Living in hope of a Lebanese resurgence - Businesslive

15 July 2019 - Hopefulness can be unreliable — passive, or blindly clung to — in the face of history’s ravages and flattened remains. But, as Najjar implies, hope can also be a more active ingredient, a claim, against the odds, to be insistently present.

Two days into a visit to Lebanon in June, I sensed my reputation for navigation had fallen to the floor on the grounds of a rattling failure to locate a bookshop I knew was only a few hundred metres from our hotel in Beirut’s teeming Hamra district.

In its dense, often unrevealing Levantine setting, you would have thought The LittleBookshop would advertise itself like a siren to a foreigner adrift — especially one anxious to find English translations of Elias Khoury, Alexandre Najjar and Amin Maalouf. No such luck. I had some excuses — street signs rendered in inscrutable Arabic, slight discrepancies between map and actuality, the general disorientation that comes with foreignness.

But still, it was an embarrassing failure. “I know exactly where it is,” I kept insisting to my increasingly sceptical wife. “It’s only two blocks from the hotel.” Well, Sharon’s expression seemed to say, why can’t you find it? I did eventually (my fourth foray, I think), in the Makdisi Building in Basra Street, but it was closed. In the end, all turned out well; the excellent Librairie Antoine, and, in our final hour, the Virgin Megastore at Rafic Hariri Airport, yielded all on my list, and more.

Though — or because — unvisited, The Little Bookshop serves nevertheless as a helpful metaphor for a condition hinted at in Benjamin Disraeli’s cautionary observation that, like all travellers, “I have seen more than I remember and remember more than I have seen”. Perhaps one of the best reasons for seeking out writerly discursions is that they can almost always be counted on to muddle the simplicities that inevitably well from remembering more than you have seen.

One of the books I bought in Beirut is Najjar’s moving homage, The Silence of My Father. It closes with an account of the million-strong 2005 demonstration against Syria’s 30-year occupation — the Cedar Revolution (after Lebanon’s national emblem) — in Beirut’s Martyrs’ Square.

Damascus withdrew its forces within six weeks. Najjar’s lawyer father was too old to attend, though followed proceedings on television. Later, when Alexandre returned home for supper, he reminded his father of the condolences expressed by a notary many years earlier, during the civil war, when old man Najjar’s country home “had been ravaged by 13 bombshells and that all of the trees in the garden — with the exception of the cedar — had been flattened”.

The notary had said: “My condolences, sir. It was with great sadness that I learned that your house had been destroyed. What a tragedy.” Najjar concludes: “Lifting his index finger, my father had replied: ‘Yes, but the cedar is still standing!”’ It’s a piercing instance of hope — yet, one might ask, what’s to hope for?

I wrote elsewhere last week of Lebanon’s grave challenges, for all the successes of its mammoth post-civil war reconstruction, and the indefatigable generosity of its people. Its administration is riven with corruption and deadlock-prone politics, perilously balancing the interests — sectional and ideological — of no fewer than 18 religious sects. Its economic condition is reflected in a debt-to-GDP ratio of 150%, with nearly a third of government spending going to interest on debt, and a similar sum to the wage bill of a bloated civil service.

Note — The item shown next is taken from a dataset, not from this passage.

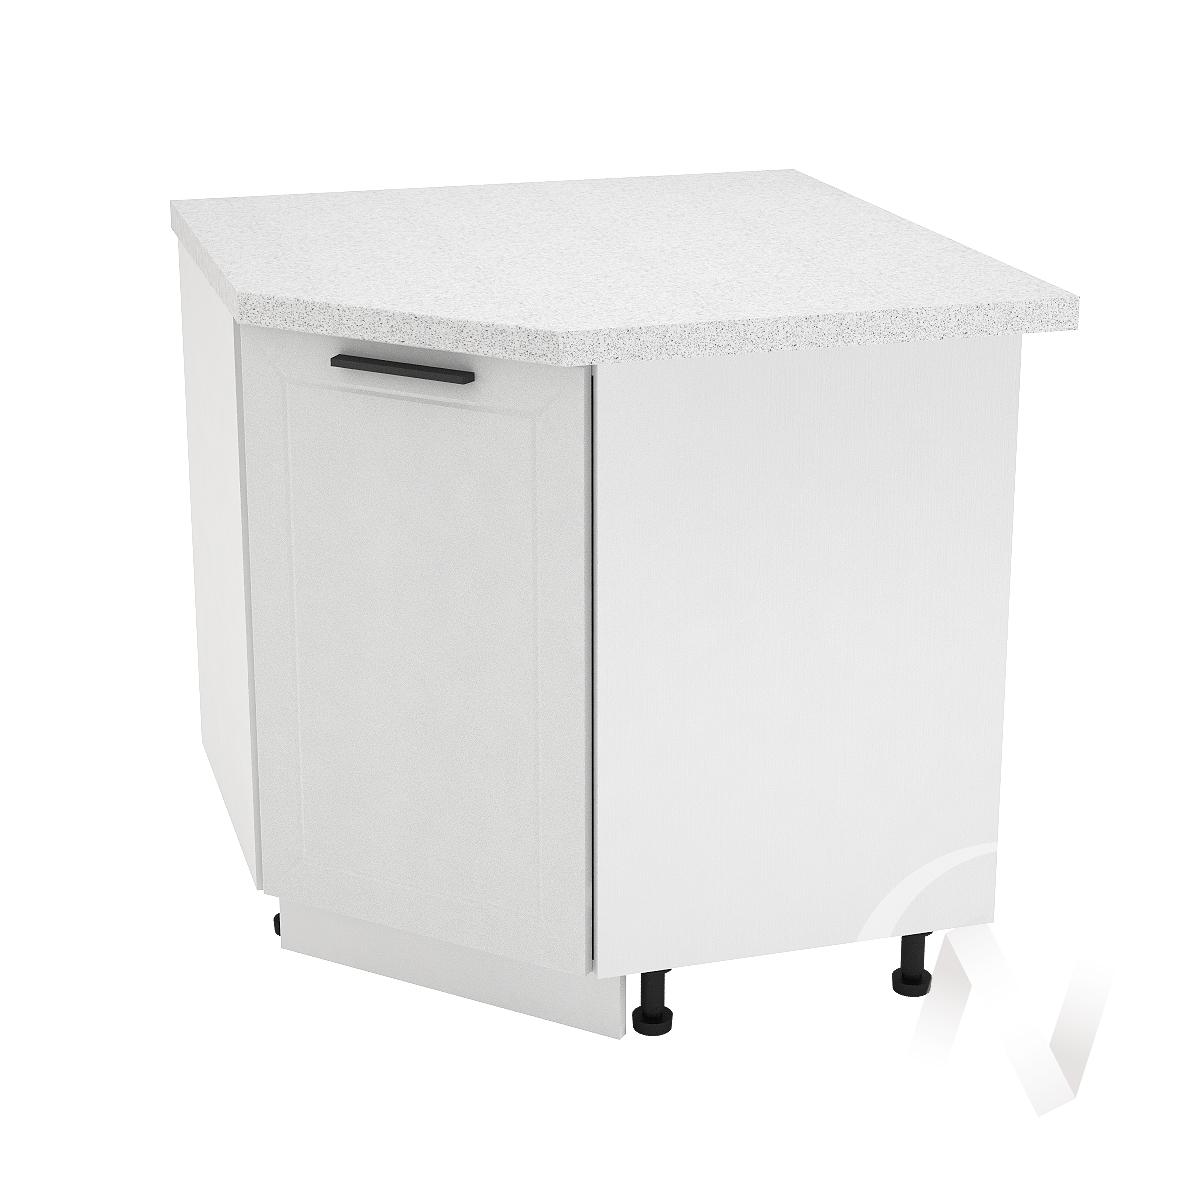 "Кухня ""Глетчер"": Шкаф нижний угловой 890, ШНУ 890 (Айленд Силк/корпус белый)"

Hopefulness can be unreliable — passive, or blindly clung to — in the face of history’s ravages and flattened remains. But, as Najjar implies, hope can also be a more active ingredient, a claim, against the odds, to be insistently present.

Najjar’s homage to his father begins with a half-page prologue in which he speaks of his much-loved parent as an amalgam of things, “at once authoritarian and gentle, austere and mischievous”. He was a “teacher of hope”. “The day I was born,” the prologue begins, “my father planted a cedar tree in the garden. That meant he loved me as much as his country.”

• Morris is head of media at the Institute of Race Relations.